Na manhã desta quinta-feira (16) as moradoras da Ocupação Helenira Preta: Por Gabriela Mariel Silvério! foram acordadas pela Polícia Militar, com escudos e cassetetes nas mãos, reintegrando a ocupação.
Larissa Mayumi | São Paulo
Mulheres – O Movimentou de Mulheres Olga Benario, que possui dezenas de ocupações como essa em todo o Brasil, esteve em diálogo com a prefeitura de Mauá (SP), que cedeu um terreno para o movimento, mas que ainda não cumpriu com o apoio para construção da casa em si. Portanto, desde a manhã desta quinta-feira (16), as mulheres seguem sem ter para onde ir.
Segundo a advogada apoiadora do movimento, o acordado foi que haveria uma reunião entre movimento, prefeitura, polícia e oficial de justiça para acordar a saída do prédio. Este combinado não foi cumprido.
“Covardia foi o que eles fizeram, nós nunca nos negamos a conversar com a justiça e a prefeitura, estávamos em negociação, mas eles preferiram vir atacar mães e crianças, de madrugada, e deixar a gente sem ter para onde levar nosso colchão, nossa geladeira.” relatou Roberta Duarte, moradora da Ocupação.
Esta semana, o ABC Paulista viu mais um caso de feminicídio. Dessa vez a vítima foi uma trabalhadora de Ribeirão Pires, moradora de São Bernardo do Campo. Apesar de ainda estar no início do ano, em abril, o número de feminicídios na região já chegou a seis mulheres.
A Ocupação Helenira existe há 10 anos na cidade de Mauá, inciando sua luta em 2017. Desde então foram quatro ocupações em Mauá, que pressionaram a prefeitura para garantir serviços dignos de acolhimento e proteção às mulheres. Ao longo desses anos, a partir da mobilização do Movimento Olga, foram construídos a Secretaria de Políticas Públicas para as Mulheres e o VIVA MARIA – Centro de Referência de Atenção à Mulher (CRAM). Na opinião do Movimento, são necessários ainda mais espaços como esses.

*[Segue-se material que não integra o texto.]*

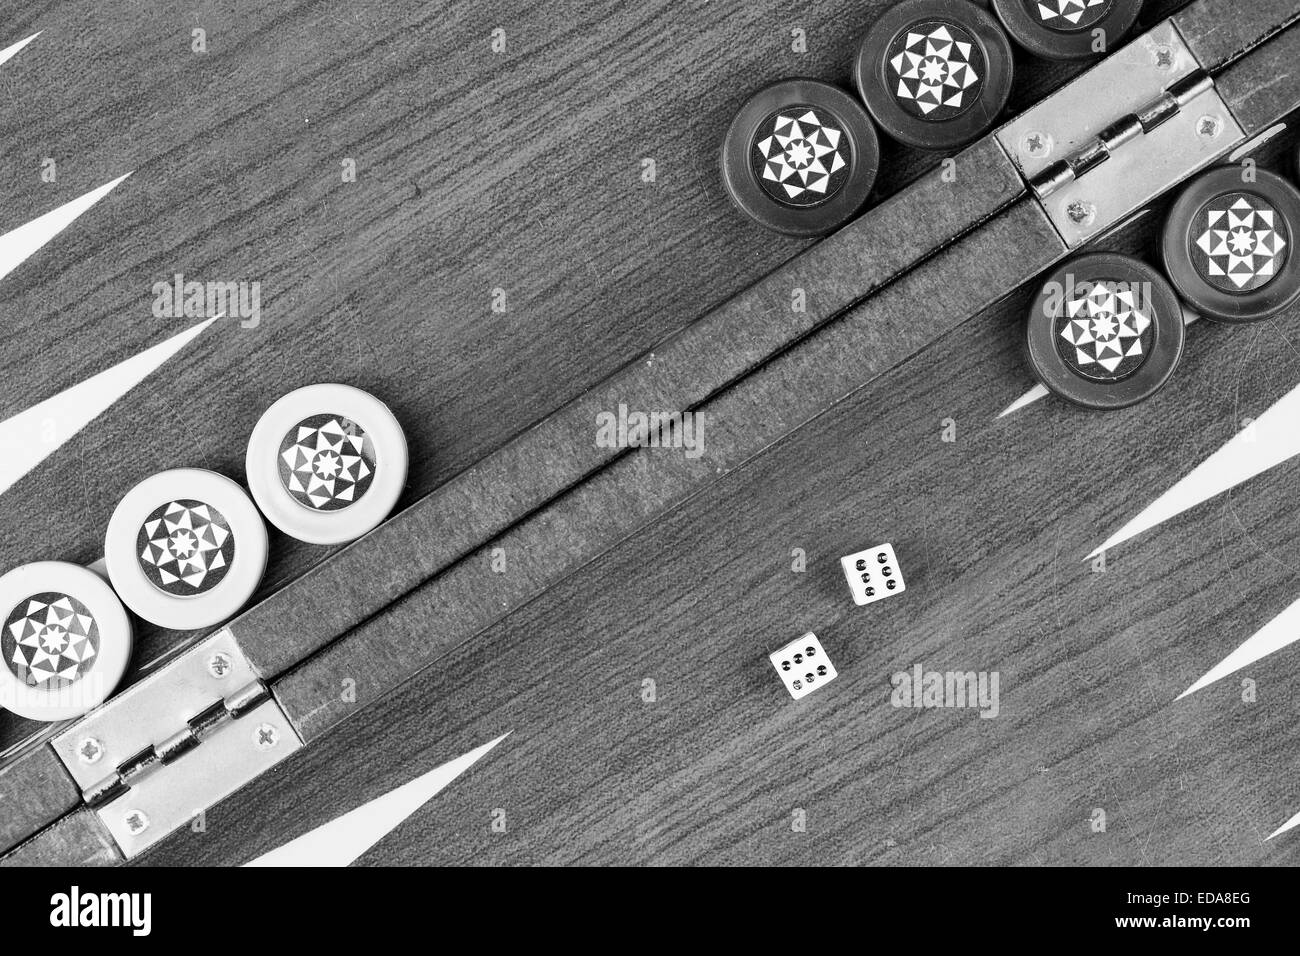 Backgammon table and double six dice closeup black and white Stock Photo

A última ocupação homenageou Gabriela Mariel Silvério, 33 anos, mãe e trabalhadora assassinada em junho de 2025, no Paranavaí. Gabriela era militante há 6 meses no Movimento de Mulheres Olga Benario quando sofreu o feminicídio.
Fruto das ocupações, o Movimento conquistou um terreno público para construir uma casa que acolha mulheres em situação de violência e dar seguimento ao trabalho realizado há anos nas ocupações. Porém, até a construção dessa casa, a Ocupação Helenira Preta tem acolhido mulheres, principalmente fora do horário comercial, quando não há nenhum serviço especializado no acolhimento de mulheres aberto na cidade. O despejo ocorrido hoje, sem aviso prévio, deixa as mulheres atendidas pelo movimento sem um espaço para serem acolhidas, além dos moradores da ocupação sem qualquer alternativa de moradia.
“A prefeitura de Mauá não nos avisou previamente porque não se importam de verdade com as mulheres da cidade e da região. Sabem que organizamos, na ocupação, lutas para escancarar os dados que eles querem esconder e por isso não quiseram nos avisar do despejo, porque sabiam que iríamos resistir”, afirma Júlia Calchi, coordenadora da Ocupação.